Forget Mehlman — What About Lincoln?
New “paradigm” embraces scholarship on Honest Abe’s homosexuality
While the gay media has been awash in unwarranted hosannas over the recent coming-out declaration by former Republican National Committee chair Ken Mehlman — who has not apologized for running the most homophobic presidential campaign in US history — the LGBT press has been ignoring an infinitely more significant development under way with vastly more important implications for the Republican Party: the increasing acceptance by historians that the loving heart of Abraham Lincoln, the Great Emancipator and the first GOP president, found its natural amorous passions overwhelmingly directed toward those of his own sex.This shifting consensus about Lincoln’s sexual orientation is certainly the most stunning and effective rebuke to the Republican Party’s scapegoating of same-sex love for electoral purposes, which came to fever pitch during the 2004 race that Mehlman spearheaded for George W. Bush.
“We are getting closer to the day that a majority of younger, less homophobic historians will at long last accept the evidence of Lincoln’s same-sex component,” John Stauffer, chair of Harvard University’s Department of American Civilization, told Gay City News, adding, “ We’re already seeing the beginnings of a trend that will amount to a major paradigm shift.”
Stauffer is one of the nation’s leading experts on the Civil War era, and in his latest — and best-selling — book, “Giants: The Parallel Lives of Frederick Douglas and Abraham Lincoln,” he supports the thesis that Joshua Speed was, as he put it, “Lincoln’s soulmate and the love of his life.”

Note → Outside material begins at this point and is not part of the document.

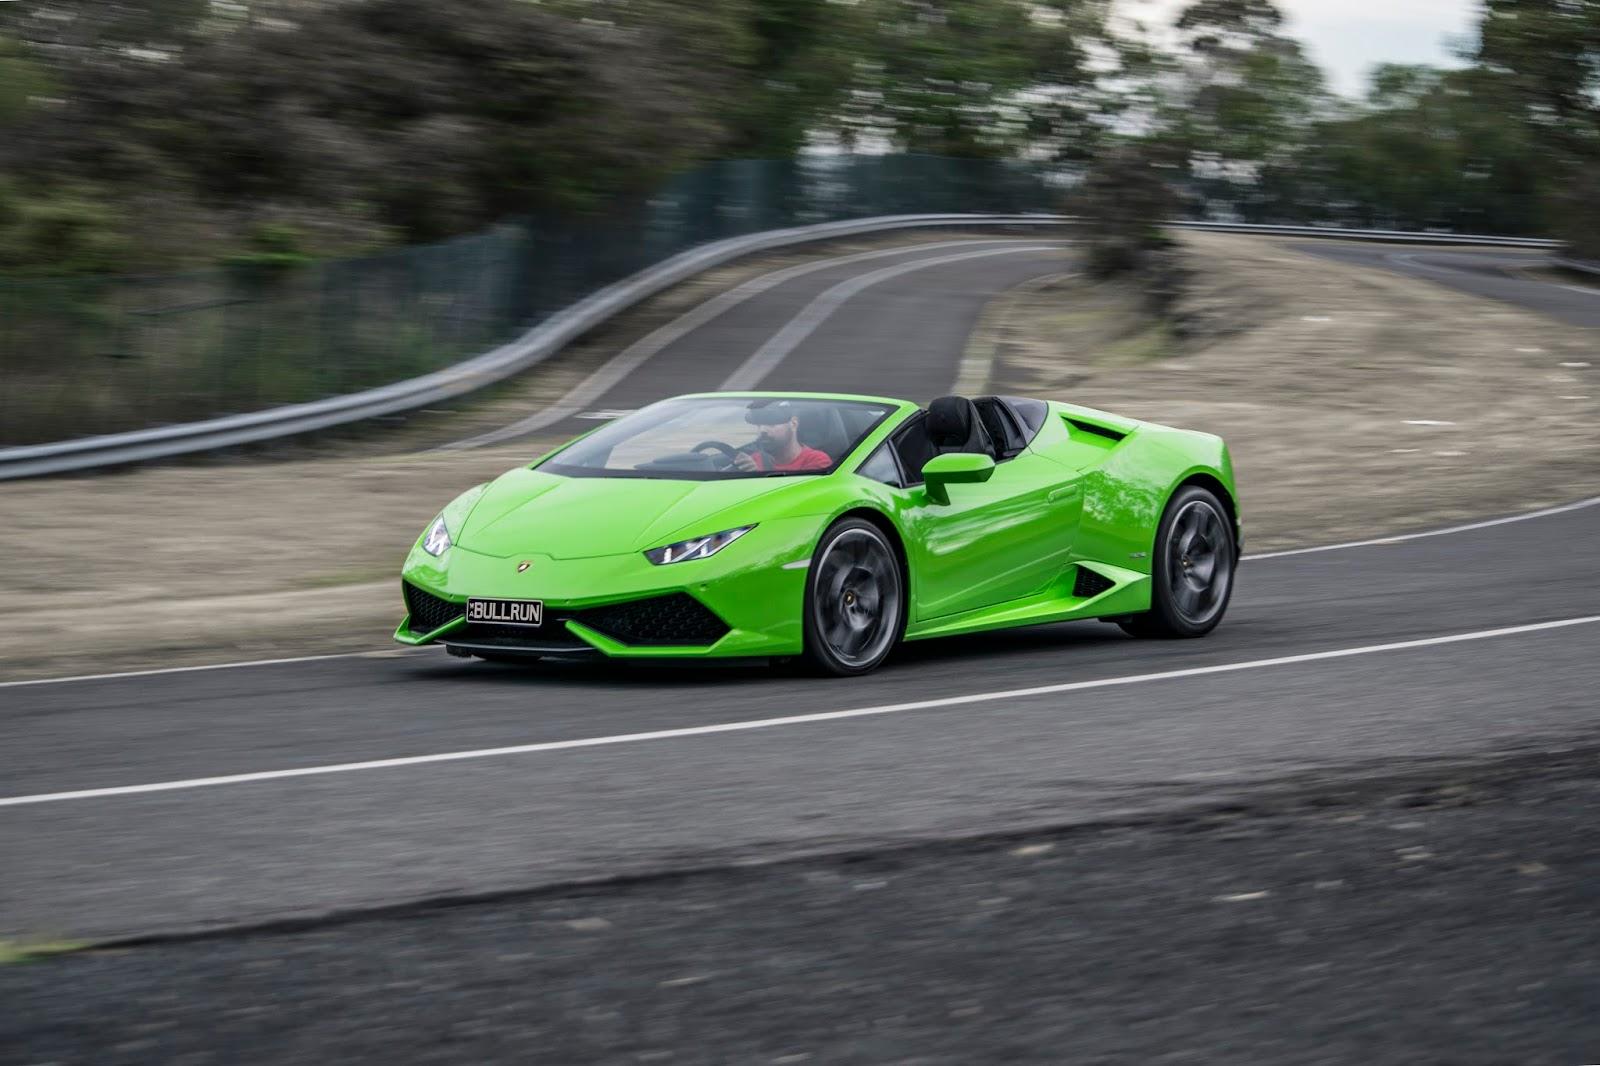 Lamborghini Huracan LP610-4 Spyder 2016

And in the latest issue of the scholarly journal Reviews of American History, Stauffer hammers home this point, writing, “In light of what we know about romantic friendship at the time, coupled with the facts surrounding Speed’s and Lincoln’s friendship, there is no reason to suppose they weren’t physically intimate at some point during their four years of sleeping together in the same small bed, long after Lincoln could afford a bed of his own. To ignore this, as most scholars do, is to pretend that same-sex carnal relationships were abnormal. It thus presumes a dislike or fear about such relationships, reflecting a presentist and homophobic perspective.”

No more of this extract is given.